I’ve been spending a bit of time lately on Australian author and artist Shaun Tan’s site and finding it very inspiring – he’s very generous with his knowledge and experience. I find it surprisingly reassuring that it is a relatively normal practice to spend time ‘mulling things over in my head’ when I’m working on a creative piece. I bake, I do the ironing, clean the kitchen – I have called it procrasti-baking before, but it all adds up to the same thing: ideas are whirling in my head and I need to be patient and wait for something to pop out. Which it inevitably does.
Shaun’s thoughts on his creative process:
“Most of the few picture books I have done have each taken about a year to complete. Much of that time isn’t necessarily productive in any visible way – true of many creative projects I think. It involves a lot of thinking while doing other stuff (eg. washing dishes) and playing with many ideas that may or may not work, making loads of scribbly notes and doodles in sketchbooks.
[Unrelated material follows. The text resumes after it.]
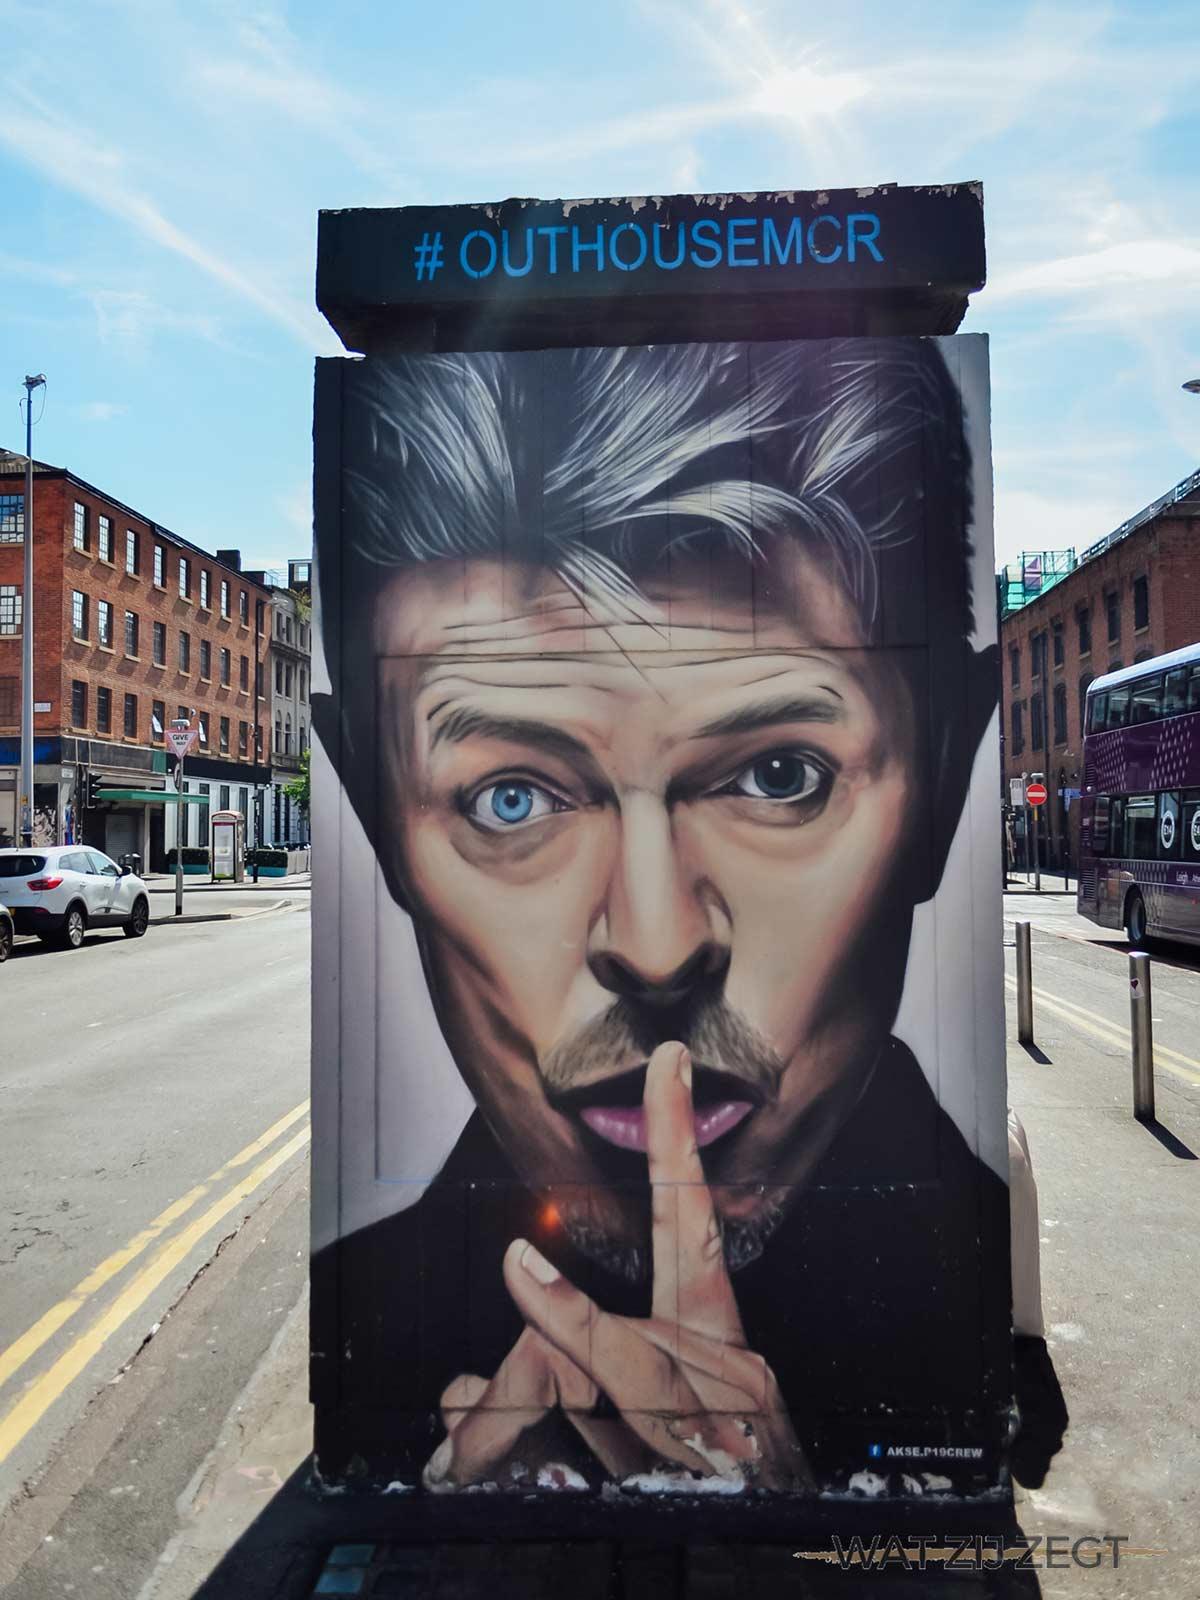 David Bowie vereeuwigd in street art in de straten van Manchester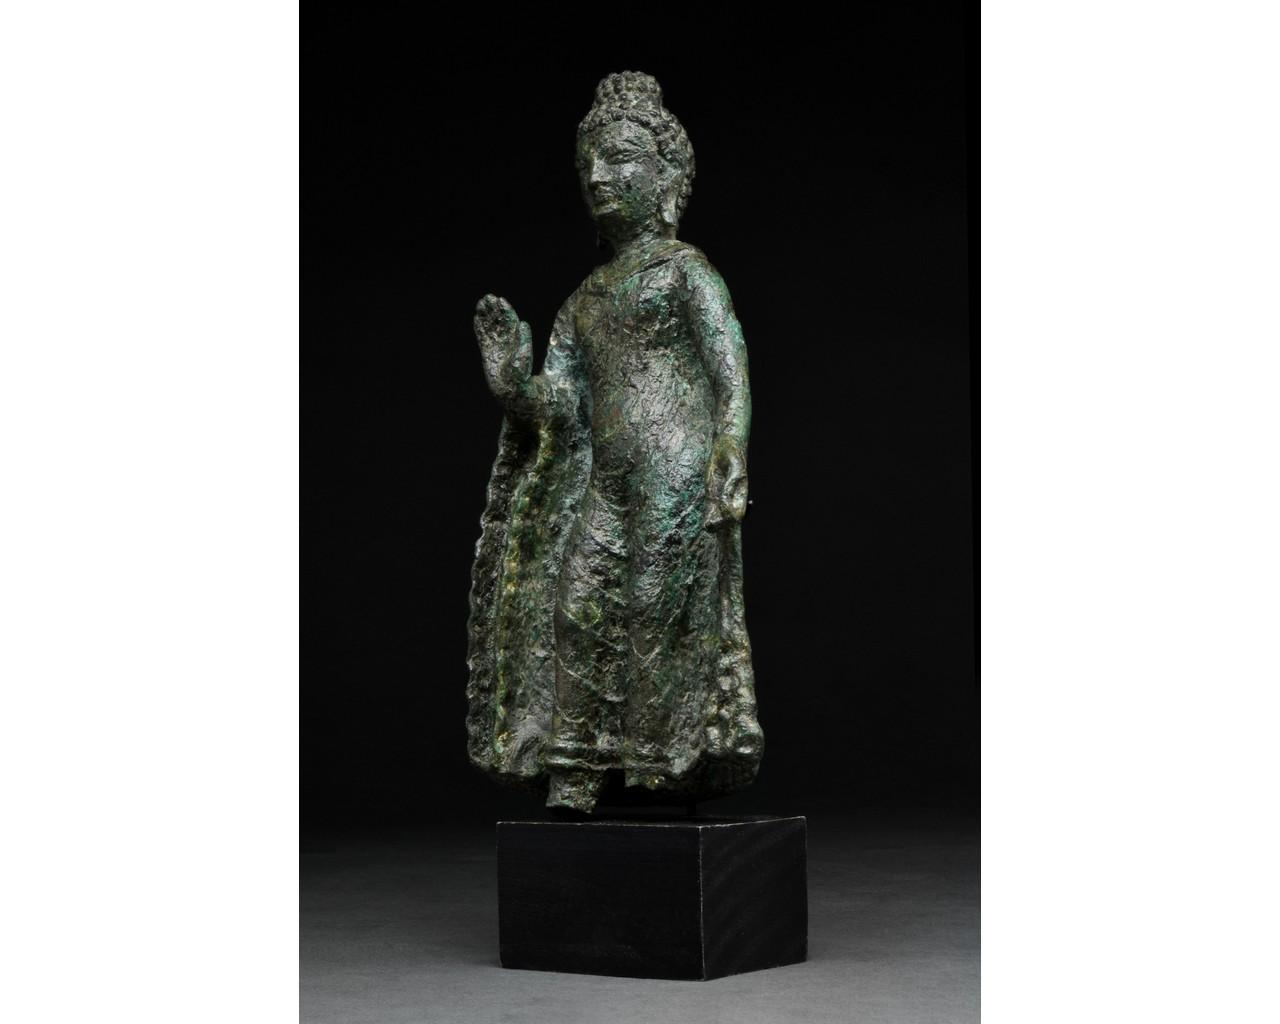 GANDHARA BRONZE FIGURE OF BUDDHA - Image 2 of 5

“With a blank piece of paper in front of me, my imagination is not especially fired up. I could start drawing, but everything would end up looking the same – and most likely stuff I’ve done before. So I actively look to absorb foreign ideas and influences, which is one key lesson learned from years of illustrating different SF stories. Good ideas don’t just turn up, you have to go looking for them.
“Research – reading, looking at pictures, playing with different media – provides freedom from the creative paralysis that comes with infinite possibility. I need specific points of reference to develop ideas, and also a kind of resistance to my own stylistic ‘default settings’ so that I think outside the usual circles, and actually learn something new.
“Painting and drawing for me is not about creation but about transformation. It’s not so much about expressing preconceived themes or a mastered delivery of statements but rather a process of slightly absent-minded discovery, of seeing where certain lines of thinking take you if you keep following them. I know I’m on the right track when there is a sense of unfamiliarity about what I’m doing, that I’m actually being surprised by the way mixed drawings and words make their own novel sense, and I can coax them into surrendering whatever meaning is there through repeated drawings.”